_Exercise directions_:
Reproduce exactly the lines below from the one containing "Stroking Hontou ni" through the one containing "[Vintage] Janie Fricke - Very Best of...", including both, and nothing else.
- - - -
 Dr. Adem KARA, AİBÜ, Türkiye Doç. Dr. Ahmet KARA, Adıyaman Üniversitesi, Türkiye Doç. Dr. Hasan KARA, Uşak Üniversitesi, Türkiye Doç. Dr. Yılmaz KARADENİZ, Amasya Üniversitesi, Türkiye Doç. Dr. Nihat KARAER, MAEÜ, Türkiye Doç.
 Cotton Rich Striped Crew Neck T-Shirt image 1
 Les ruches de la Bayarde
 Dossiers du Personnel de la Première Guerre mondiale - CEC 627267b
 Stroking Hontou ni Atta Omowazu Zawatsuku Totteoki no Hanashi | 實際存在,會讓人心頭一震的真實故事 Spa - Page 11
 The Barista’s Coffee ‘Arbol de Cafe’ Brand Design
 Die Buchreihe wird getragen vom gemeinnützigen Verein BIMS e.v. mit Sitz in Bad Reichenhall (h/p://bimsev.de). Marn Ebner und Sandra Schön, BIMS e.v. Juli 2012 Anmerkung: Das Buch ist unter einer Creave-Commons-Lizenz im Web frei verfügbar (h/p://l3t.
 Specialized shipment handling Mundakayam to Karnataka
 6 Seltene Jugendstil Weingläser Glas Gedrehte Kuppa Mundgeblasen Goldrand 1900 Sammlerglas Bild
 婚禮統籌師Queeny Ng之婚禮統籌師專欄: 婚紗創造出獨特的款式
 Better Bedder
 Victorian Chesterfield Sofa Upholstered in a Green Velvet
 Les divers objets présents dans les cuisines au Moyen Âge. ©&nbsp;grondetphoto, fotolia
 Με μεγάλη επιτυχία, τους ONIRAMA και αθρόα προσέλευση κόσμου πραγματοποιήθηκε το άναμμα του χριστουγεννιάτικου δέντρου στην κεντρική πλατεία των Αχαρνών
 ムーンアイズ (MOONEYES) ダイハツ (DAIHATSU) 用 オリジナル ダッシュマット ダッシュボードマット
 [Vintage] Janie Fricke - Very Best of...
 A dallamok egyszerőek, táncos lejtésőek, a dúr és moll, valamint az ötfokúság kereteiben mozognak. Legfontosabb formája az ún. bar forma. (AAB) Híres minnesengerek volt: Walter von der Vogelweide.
- - - -
_Task response_:
 Stroking Hontou ni Atta Omowazu Zawatsuku Totteoki no Hanashi | 實際存在,會讓人心頭一震的真實故事 Spa - Page 11
 The Barista’s Coffee ‘Arbol de Cafe’ Brand Design
 Die Buchreihe wird getragen vom gemeinnützigen Verein BIMS e.v. mit Sitz in Bad Reichenhall (h/p://bimsev.de). Marn Ebner und Sandra Schön, BIMS e.v. Juli 2012 Anmerkung: Das Buch ist unter einer Creave-Commons-Lizenz im Web frei verfügbar (h/p://l3t.
 Specialized shipment handling Mundakayam to Karnataka
 6 Seltene Jugendstil Weingläser Glas Gedrehte Kuppa Mundgeblasen Goldrand 1900 Sammlerglas Bild
 婚禮統籌師Queeny Ng之婚禮統籌師專欄: 婚紗創造出獨特的款式
 Better Bedder
 Victorian Chesterfield Sofa Upholstered in a Green Velvet
 Les divers objets présents dans les cuisines au Moyen Âge. ©&nbsp;grondetphoto, fotolia
 Με μεγάλη επιτυχία, τους ONIRAMA και αθρόα προσέλευση κόσμου πραγματοποιήθηκε το άναμμα του χριστουγεννιάτικου δέντρου στην κεντρική πλατεία των Αχαρνών
 ムーンアイズ (MOONEYES) ダイハツ (DAIHATSU) 用 オリジナル ダッシュマット ダッシュボードマット
 [Vintage] Janie Fricke - Very Best of...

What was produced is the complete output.